После спуска в подвал она долго привыкала к темноте. Наконец вблизи она разглядела его. Он сидел неподвижно, толи спал, толи дремал, — в густых подвальных сумерках это трудно было определить. Неожиданно он повернул голову к ней.

— Ну, что сучка драная!?

В этой реплике невозможно было найти раздражения, скорее сквозило равнодушие с легкой неприязнью.

— Да так…

— Чего там, — он сделал кивок головой в сторону перекрытия подвала, — на верху, тебе не хватало? Красиво жила, молча наблюдала, когда меня «опускали» сюда? Да?

— Дык, я…

— Не надо оправдываться, сучара — наше положение уровнялось… Присаживайся рядом, — обижать не буду.

Она присела вплотную к нему, склонив голову ему на плечо.

— Были же мы дорогой когда-то вместе…

— Ага, пока меня в подвал не «выпнули».

— Виноват же был, — попробовала слегка осудить его действия она, стараясь придать своему голосу самый миролюбивый тон.

Он оттолкнул слегка её голову плечом, — ссорится желания не было: она в чём-то была права.

— А что ты думаешь: я всегда должен был униженным себя чувствовать? Нет, этого никогда не будет. Природа моя бастует!

— Природа твоя пусть бастует, но поведение должно быть адекватным — социальным, как любят теперь говорить.

— А ты сама — то, как в социуме живёшь? Жрёшь не в меру; не умеренность — вот главный философский закон твой.

— Уж, очень ты любил соблюдать законы, — снимает она голову с плеча друга, громко возмущаясь.

— Чего же тебя «опустили», — говорю на тюремном жаргоне, — начал возмущаться и он.

— Чего? Чего? Переела тортов и отравилась…

— И всего — то?

— Ну, сходила «по — большому» на ковёр…

— А-а-а, — обрадовался и запрыгал он. — Ты попросту нагадила. У меня есть шанс, — они простят мои прегрешения: сползать за рыбой на стол, даже преступлением назвать нельзя!

Он торжествовал.

— Я сейчас поднимусь наверх, дорогая. Но, забывать тебя не буду. Я буду тебя приглашать на постную и скромную трапезу, — будь уверена.

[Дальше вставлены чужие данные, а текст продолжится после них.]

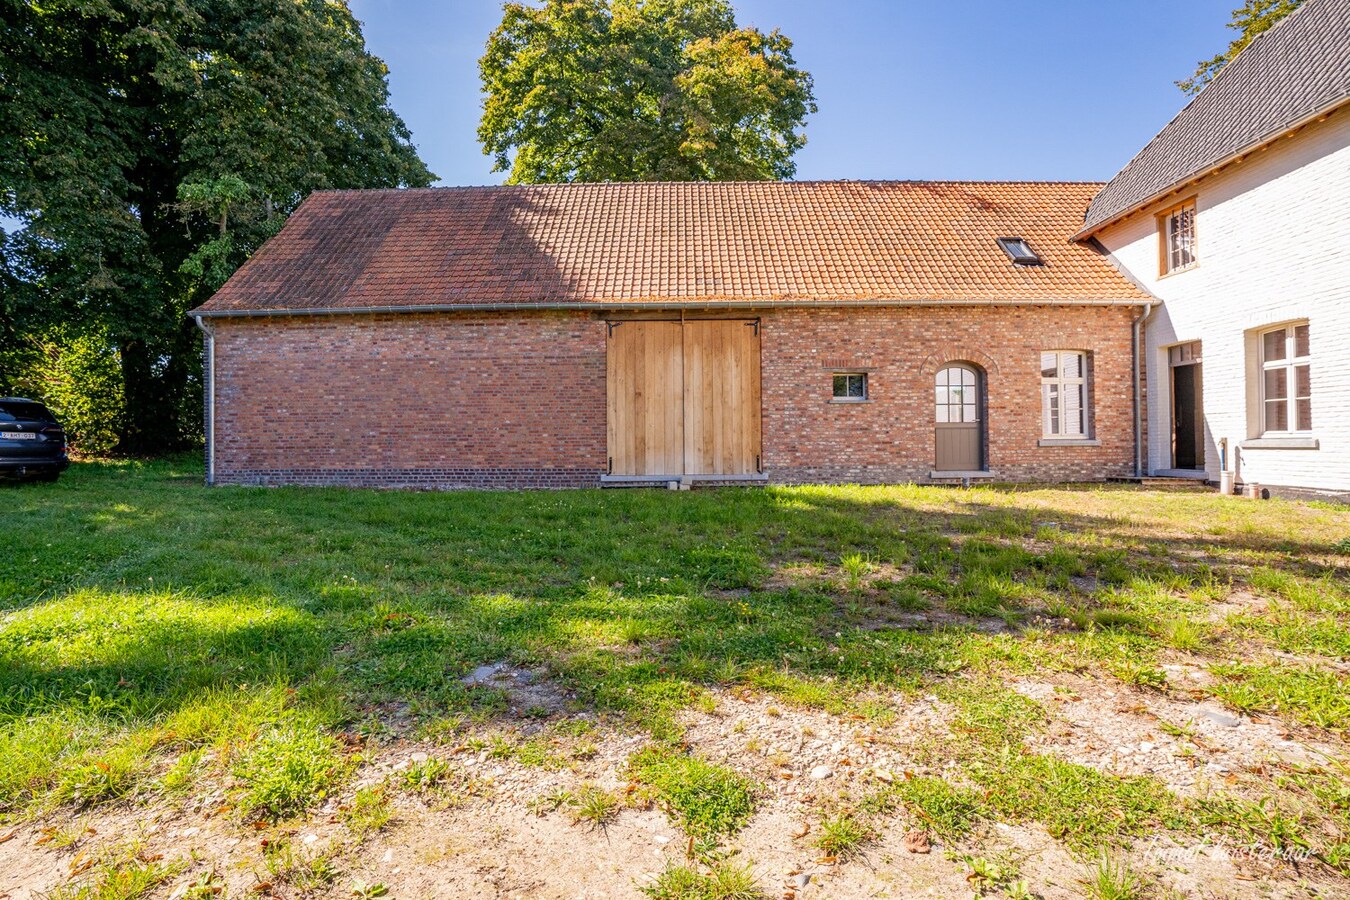 Unique farmhouse in an exceptional location on approximately 5 hectares in Peer.

Он высунул голову наверх из подвала. Мощная волосатая рука схватила его за загривок и поднесла к кучке неопределённой формы на ковре, а ещё через мгновение ткнула его мордой в вонючие испражнения подруги.

— А-а-а, — замяукал он.

— Понял! — ответила «Волосатая рука» «опуская» его в подвал.

— Ну, и что теперь ты скажешь сучка поганая? — Я наелся твоего г…..а!

Он с остервенением набросился на неё.

— А-а-а!!! — Закричала она, бегая по подвалу. — Он меня убьёт.

— Зарэжу, сука! — орал он.

«Волосатая рука», на верху, не могла понять: чего же там, кошки не поделили в подвале.

Очки

Ещё накануне, вечером, Сергей Евгеньевич Банников не думал, что таким тяжёлым будет утро. Ведь даже разбитые очки, после дружественной пирушки и небольшая на лбу ссадина не принесли заметного огорчения нашему герою, так как супруга — Марина Геннадьевна уехала в город и о причиненном ущербе ничего не знала. Очки же Банников планировал купить на следующий день: благо то, что очки продают теперь свободно… Именно очки, а вернее их отсутствие, и сыграло с ним злую шутку.

Хозяйственные работы, выписанные аккуратно его супругой на лист календаря, Сергей Евгеньевич выполнил сполна и против каждого «мероприятия» поставил жирную «галочку». Определённое затруднение вызвало лишь одно мероприятие: подоить корову…

Хотя Милка упорно не подпускала новоявленного дояра к своему вымени, но всё же он, оказался куда более смекалистым, чем бессловесная тварь. После того, как корова дважды опрокидывала ведро с молоком и хлестанула не один раз хозяина хвостом по лицу, Сергей решился на самые радикальные меры: он привязал за рога корову к стене, задние ноги сделал на «растяжку», то есть привязал ноги веревками в разные стороны, хвост Сергей Евгеньевич притянул к потолку. После того как «подготовительные» работы прошли успешно, дояр похлопал корову по крупу и спокойно сел к вымени.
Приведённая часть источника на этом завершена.